Inspired by Peter Donnelly's talk at TED, in which he discusses how long it would take for a certain pattern to appear in a series of coin tosses, I created the following script in R. Given two patterns 'hth' and 'htt', it calculates how long it takes (i.e. how many coin tosses) on average before you hit one of these patterns.
coin <- c('h','t')
hit <- function(seq) {
miss <- TRUE
fail <- 3
trp <- sample(coin,3,replace=T)
while (miss) {
if (all(seq == trp)) {
miss <- FALSE
}
else {
trp <- c(trp[2],trp[3],sample(coin,1,T))
fail <- fail + 1
}
}
return(fail)
}
n <- 5000
trials <- data.frame("hth"=rep(NA,n),"htt"=rep(NA,n))
hth <- c('h','t','h')
htt <- c('h','t','t')
set.seed(4321)
for (i in 1:n) {
trials[i,] <- c(hit(hth),hit(htt))
}
summary(trials)
The summary statistics are as follows,
hth htt
Min. : 3.00 Min. : 3.000
1st Qu.: 4.00 1st Qu.: 5.000
Median : 8.00 Median : 7.000
Mean :10.08 Mean : 8.014
3rd Qu.:13.00 3rd Qu.:10.000
Max. :70.00 Max. :42.000
In the talk it is explained that the average number of coin tosses would be different for the two patterns; as can be seen from my simulation.
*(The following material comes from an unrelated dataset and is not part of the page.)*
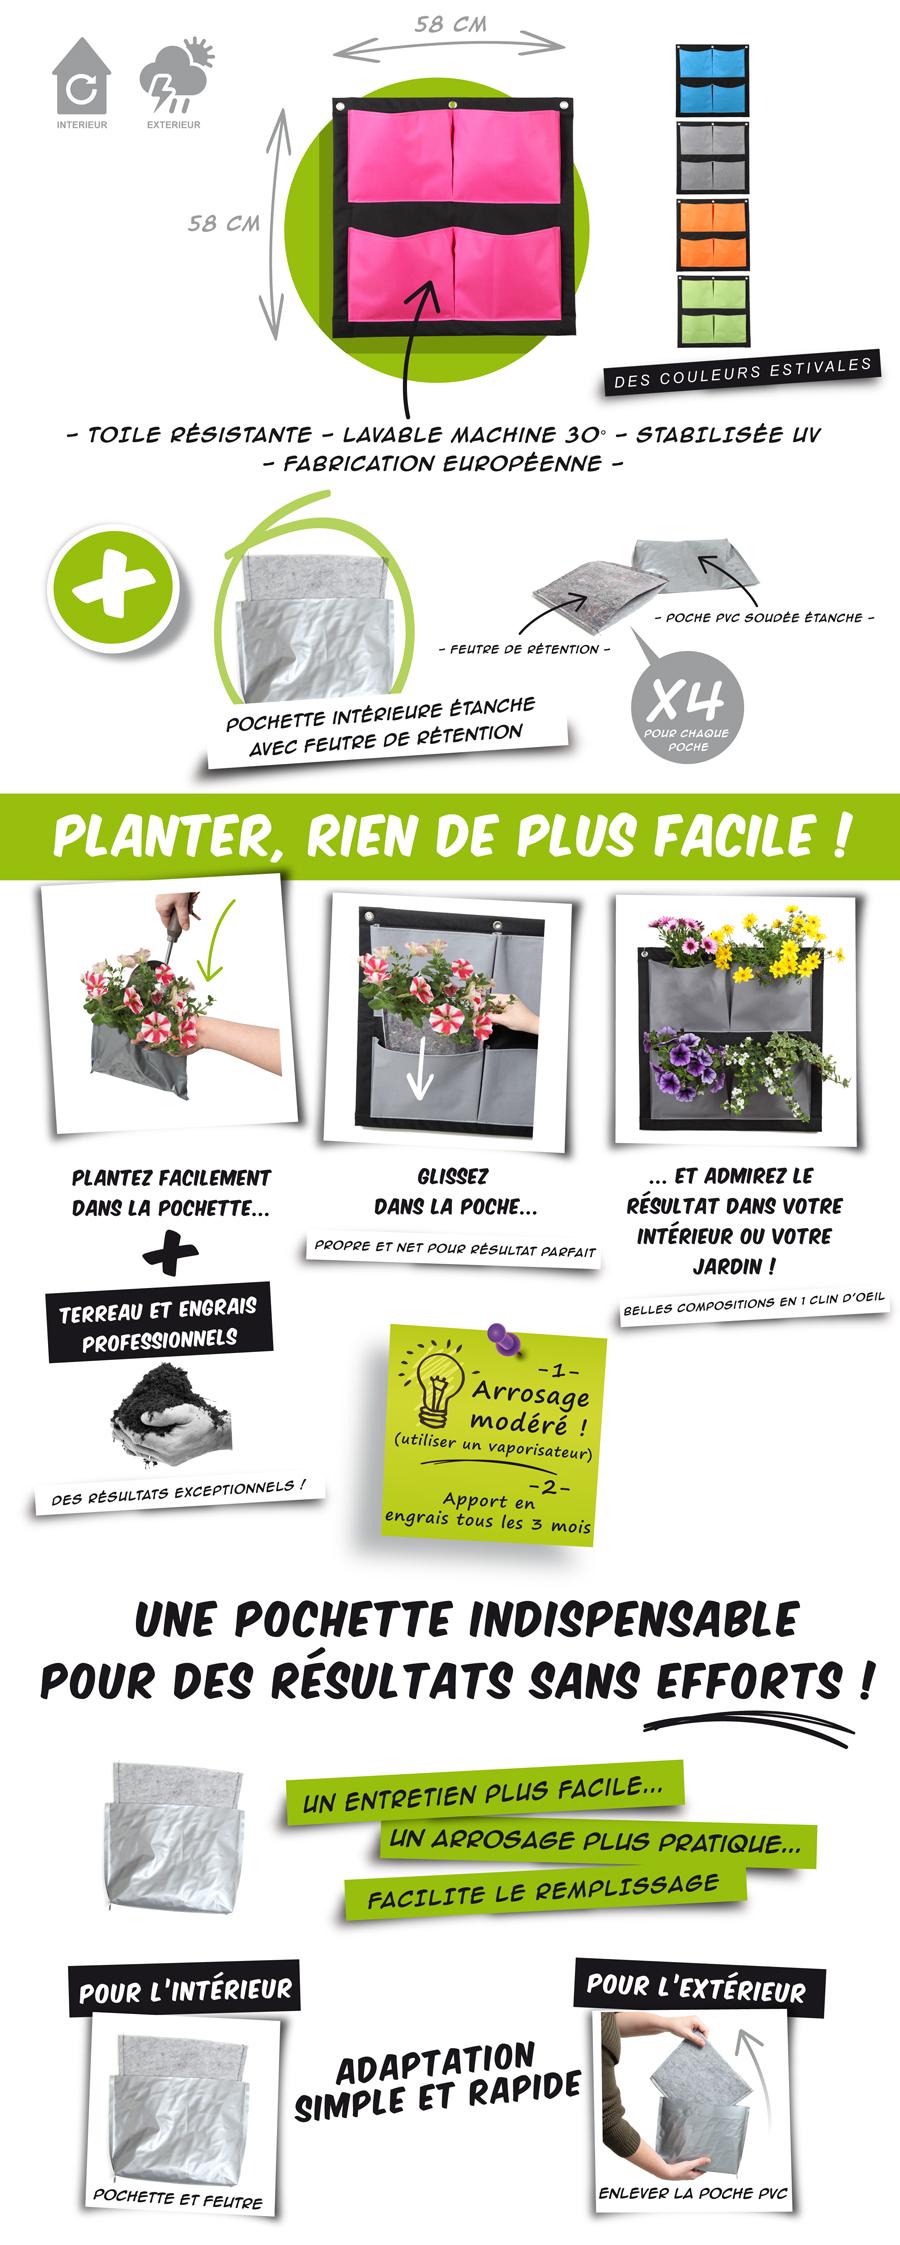 mur vegetal pour fleurir jardin interieur de votre maison

Despite watching the talk a few times I'm still not quite getting why this would be the case. I understand that 'hth' overlaps itself and intuitively I would think that you would hit 'hth' sooner than 'htt', but this is not the case. I would really appreciate it if someone could explain this to me.
Best Answer
Think about what happens the first time you get an H followed by a T.
Case 1: you're looking for H-T-H, and you've seen H-T for the first time. If the next toss is H, you're done. If it's T, you're back to square one: since the last two tosses were T-T you now need the full H-T-H.
Case 2: you're looking for H-T-T, and you've seen H-T for the first time. If the next toss is T, you're done. If it's H, this is clearly a setback; however, it's a minor one since you now have the H and only need -T-T. If the next toss is H, this makes your situation no worse, whereas T makes it better, and so on.
Put another way, in case 2 the first H that you see takes you 1/3 of the way, and from that point on you never have to start from scratch. This is not true in case 1, where a T-T erases all progress you've made.